* _Description of the task_
Among the lines below, the one containing "Star Wars Jawas" opens the range and the one containing "Deliciously Ella by Ella Woodward" closes it. Print that range exactly, without the pictures.

* _Excerpted data_
*** Block opens ***

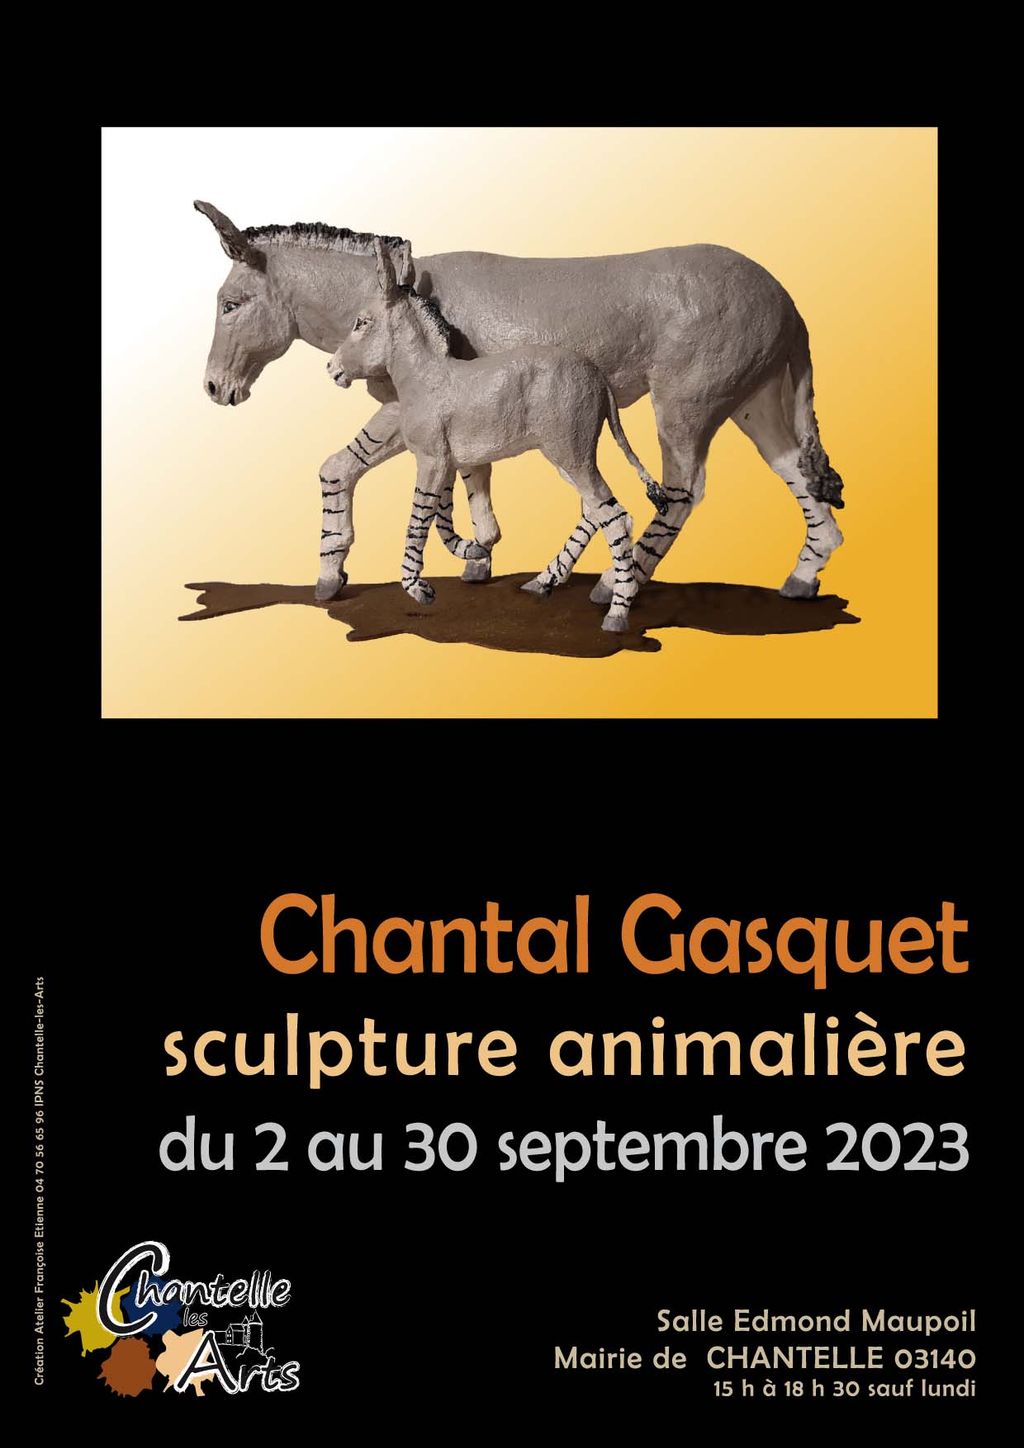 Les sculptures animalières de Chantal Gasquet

*** Block closes ***
*** Block opens ***

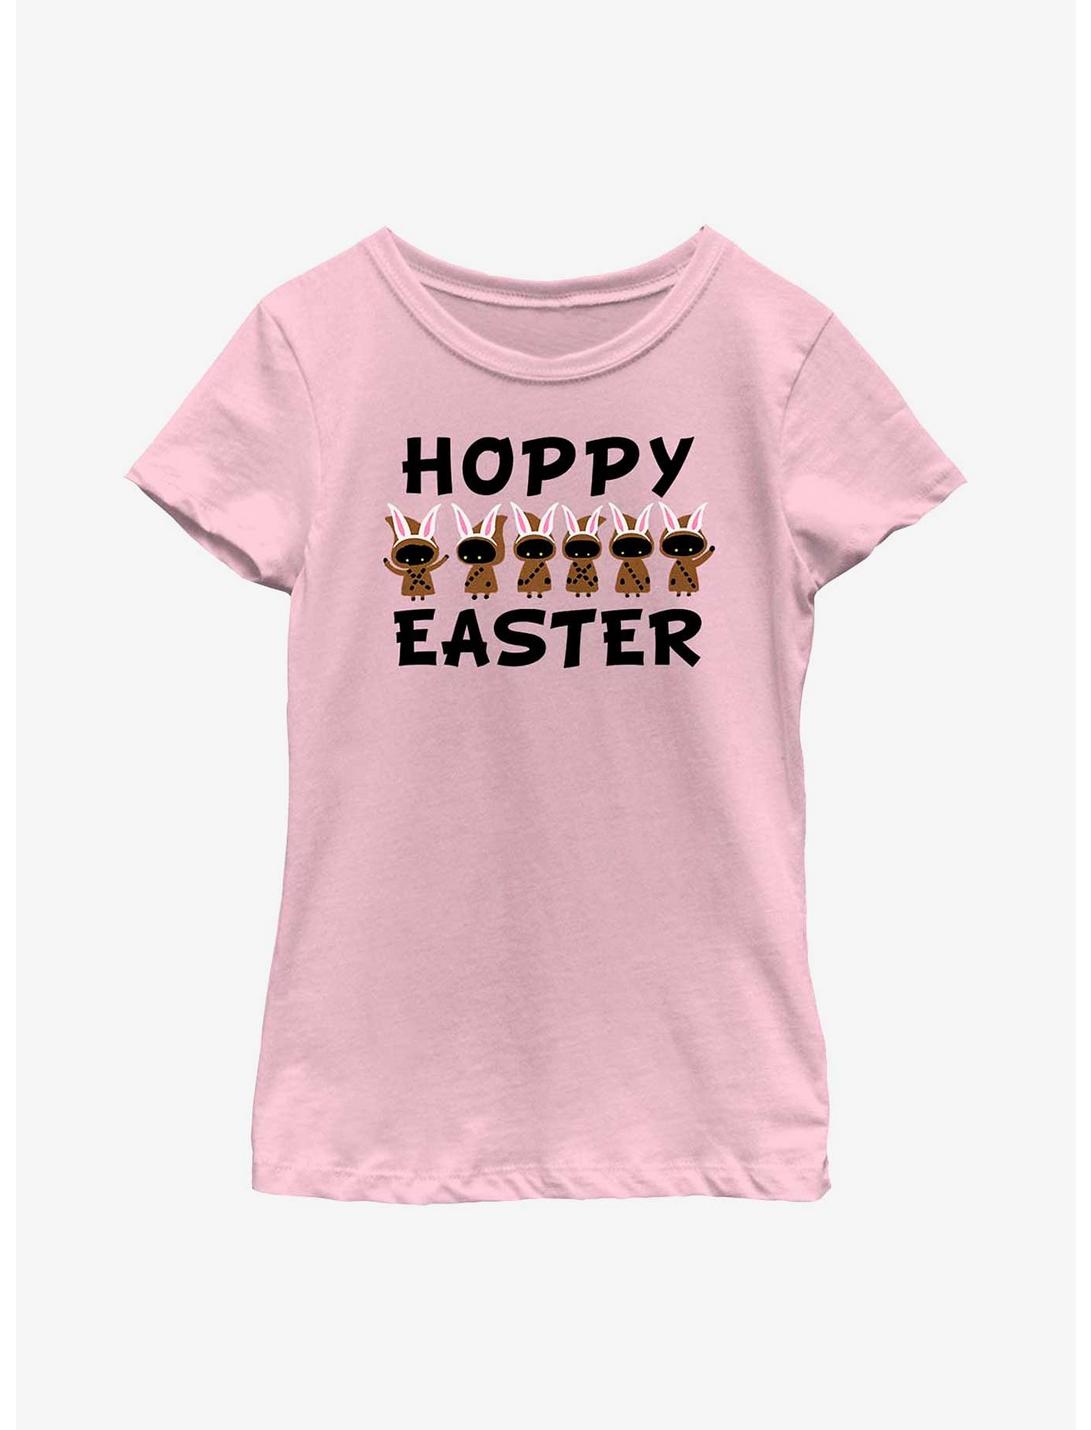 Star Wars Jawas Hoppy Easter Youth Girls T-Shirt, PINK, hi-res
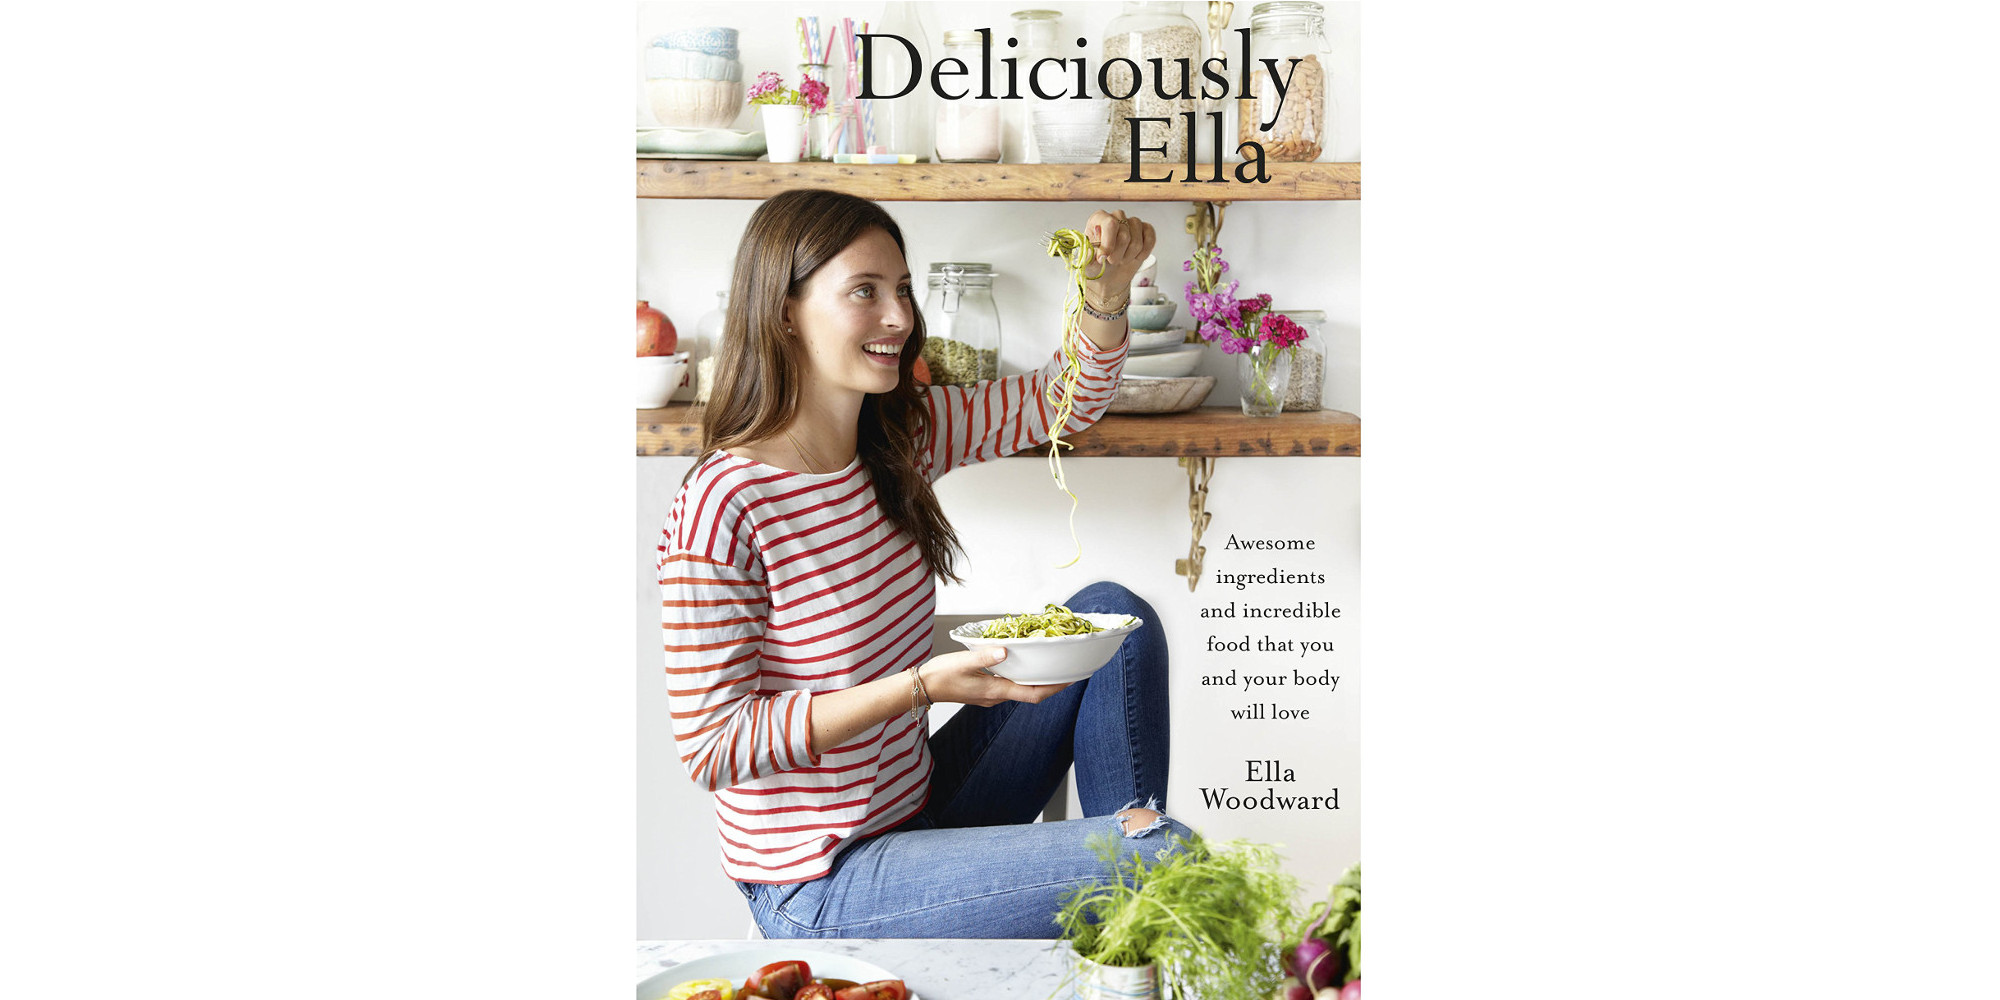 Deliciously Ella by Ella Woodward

*** Block closes ***
*** Block opens ***

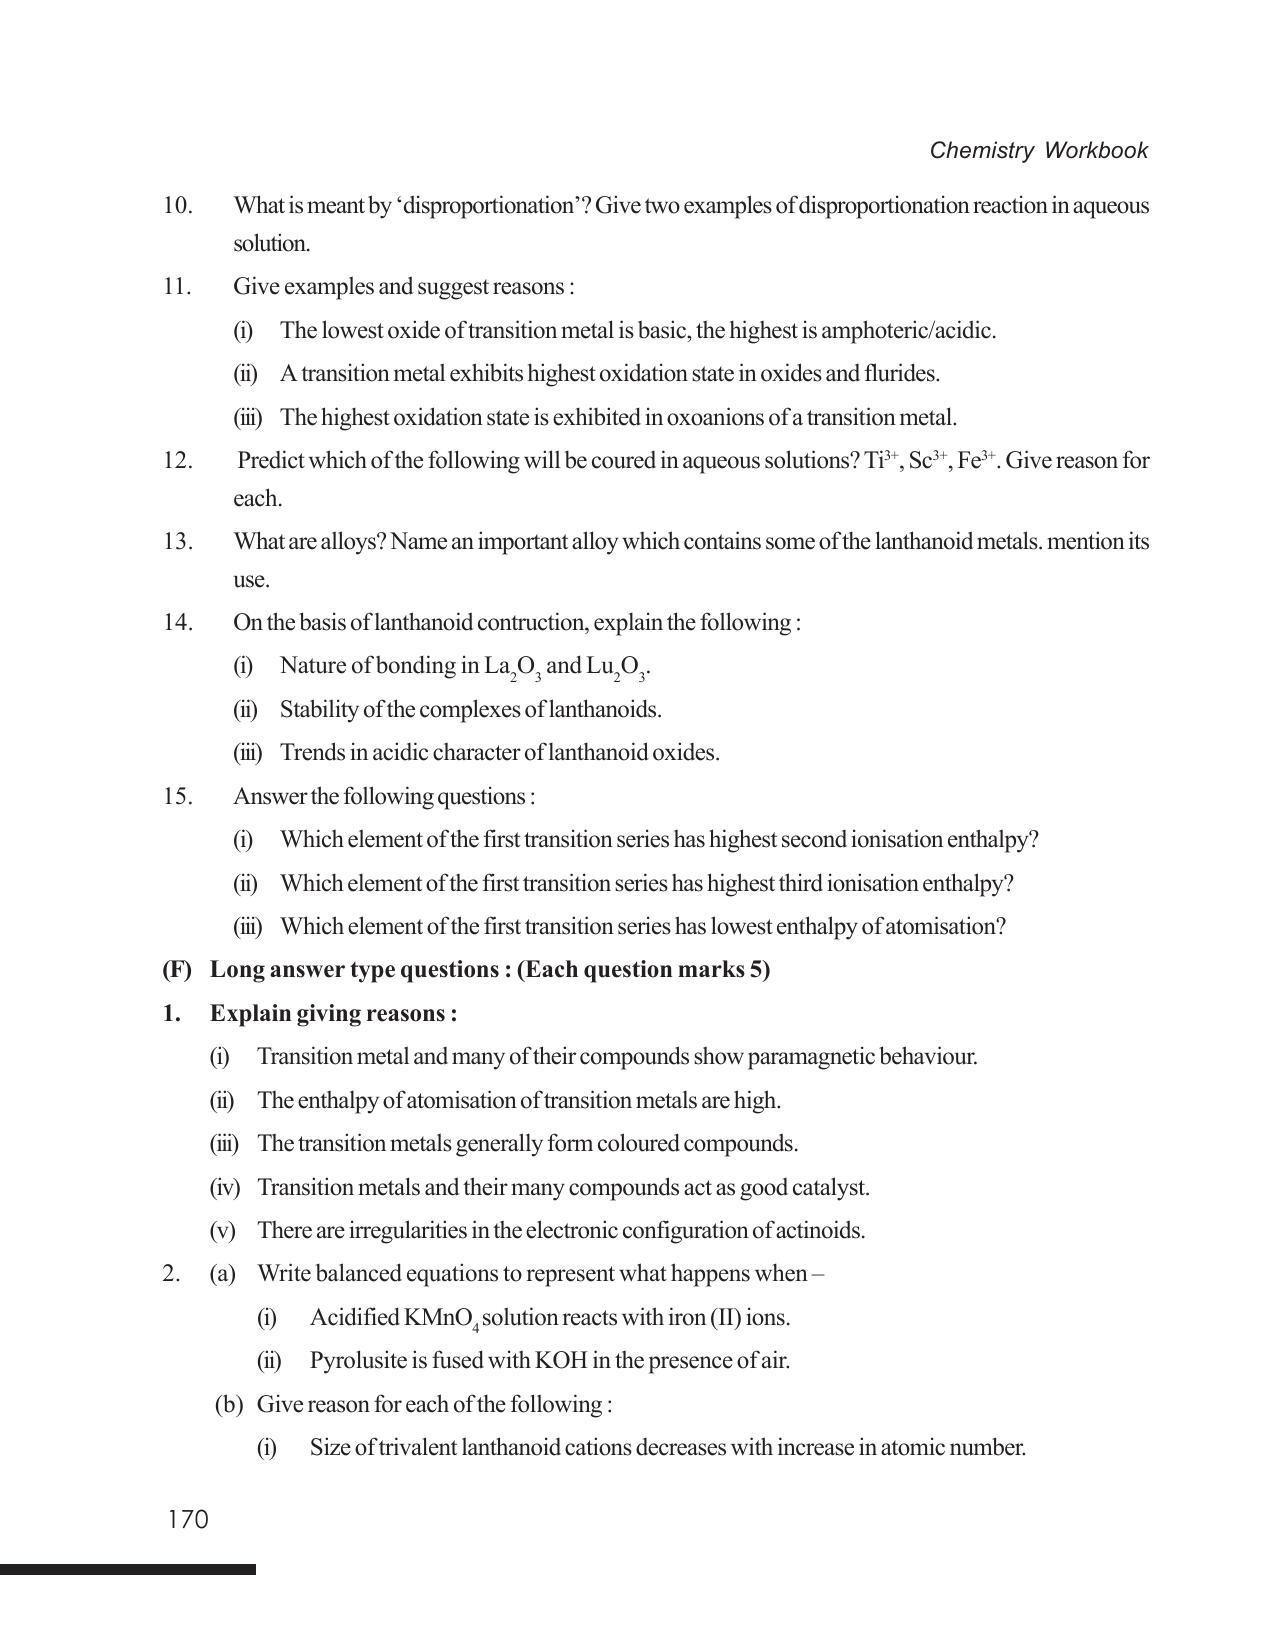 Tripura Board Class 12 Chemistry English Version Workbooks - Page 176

*** Block closes ***

* _Solution for this task_
 Star Wars Jawas Hoppy Easter Youth Girls T-Shirt, PINK, hi-res
 Deliciously Ella by Ella Woodward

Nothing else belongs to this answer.